Do amputee sprinters using running prostheses, or blades, have a competitive advantage?

The world’s fastest 400-meter sprinter, Blake Leeper, was ruled ineligible to compete in the Tokyo Olympics due to having an assumed advantage, but a new study with the most comprehensive set of data ever collected from elite runners with bilateral leg amputations compared performance data from Leeper, South African “blade runner” Oscar Pistorius and other bilateral amputee sprinters with those of the best non-amputee sprinters in the world across five performance metrics and found no advantage.

For the study, Leeper, who was born without legs, visited  Alena Grabowski, associate professor of integrative physiology at CU Boulder at the Applied Biomechanics Lab for a series of tests in 2018. That summer, he had sprinted the 400-meter in 44.42 seconds, breaking the record of Pistorius, the first below-the-knee amputee to compete against able-bodied runners at the Olympic games. After Pistorius’ history-making run in 2012, the International Association of Athletics Federations (now World Athletics) ruled that, going forward, athletes using “mechanical aids” must provide evidence that their blades do not give them a competitive edge.


Blake Leeper, paralympic medalist and double amputee, gets tested and trains with Alena Grabowski, associate professor of integrative physiology at CU Boulder, over the course of several days in August 2018. Photos by Glenn Asakawa/CU Boulder.

So Leeper enlisted Grabowski, an expert in running prostheses biomechanics who had collected similar data on Pistorius years earlier. On the treadmill and track, researchers measured Leeper’s acceleration out of the starting blocks, maximum speed along straight-aways and around curves, velocity at aerobic capacity and sprint endurance (all-out effort). They took the top metrics from all available data from elite bilateral amputees and compared them to the top metrics from non-amputees.

Instead of having an advantage, athletes using prostheses were 40% slower out of the starting blocks, had 19% slower velocity at aerobic capacity and were 1 to 3% slower around curves compared to non-amputees.

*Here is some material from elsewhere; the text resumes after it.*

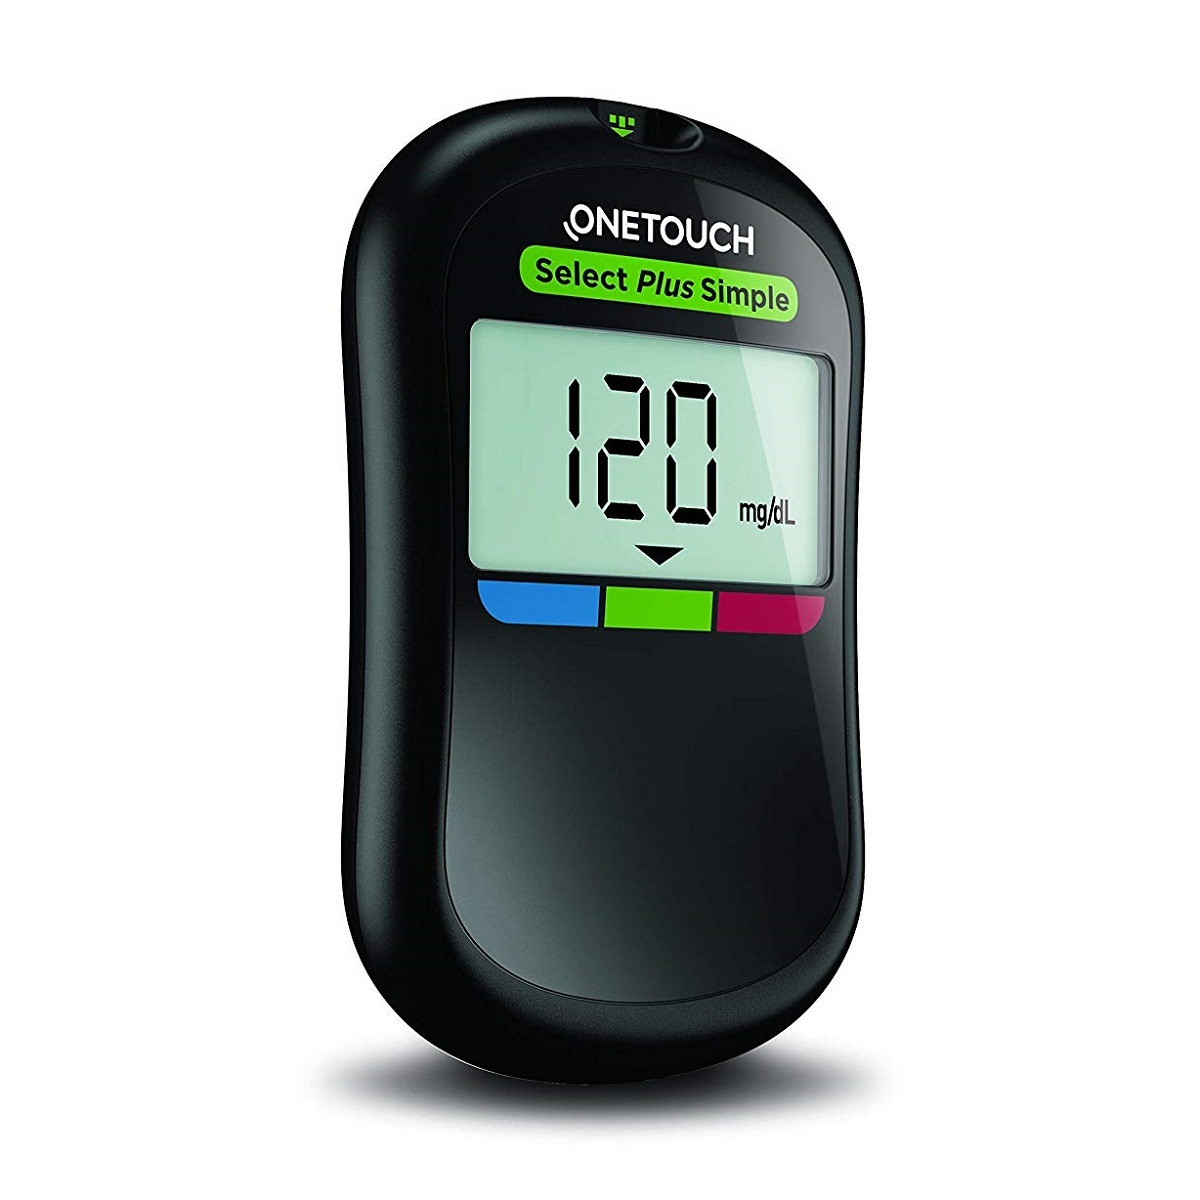 Lifescan OneTouch Select Plus Simple Glucometer Monitor

The authors presented preliminary results to the Court of Arbitration for Sport in 2020 but the court ruled that Leeper could not participate in World Athletics-sanctioned events, including the Olympics, because his prostheses made him too tall.

 “A lot of assumptions have been made about running prostheses and performance with no data to support them,” said senior author Grabowski. “With this study, we show that the use of running prostheses provides no competitive advantage over 400 meters compared to biological legs.”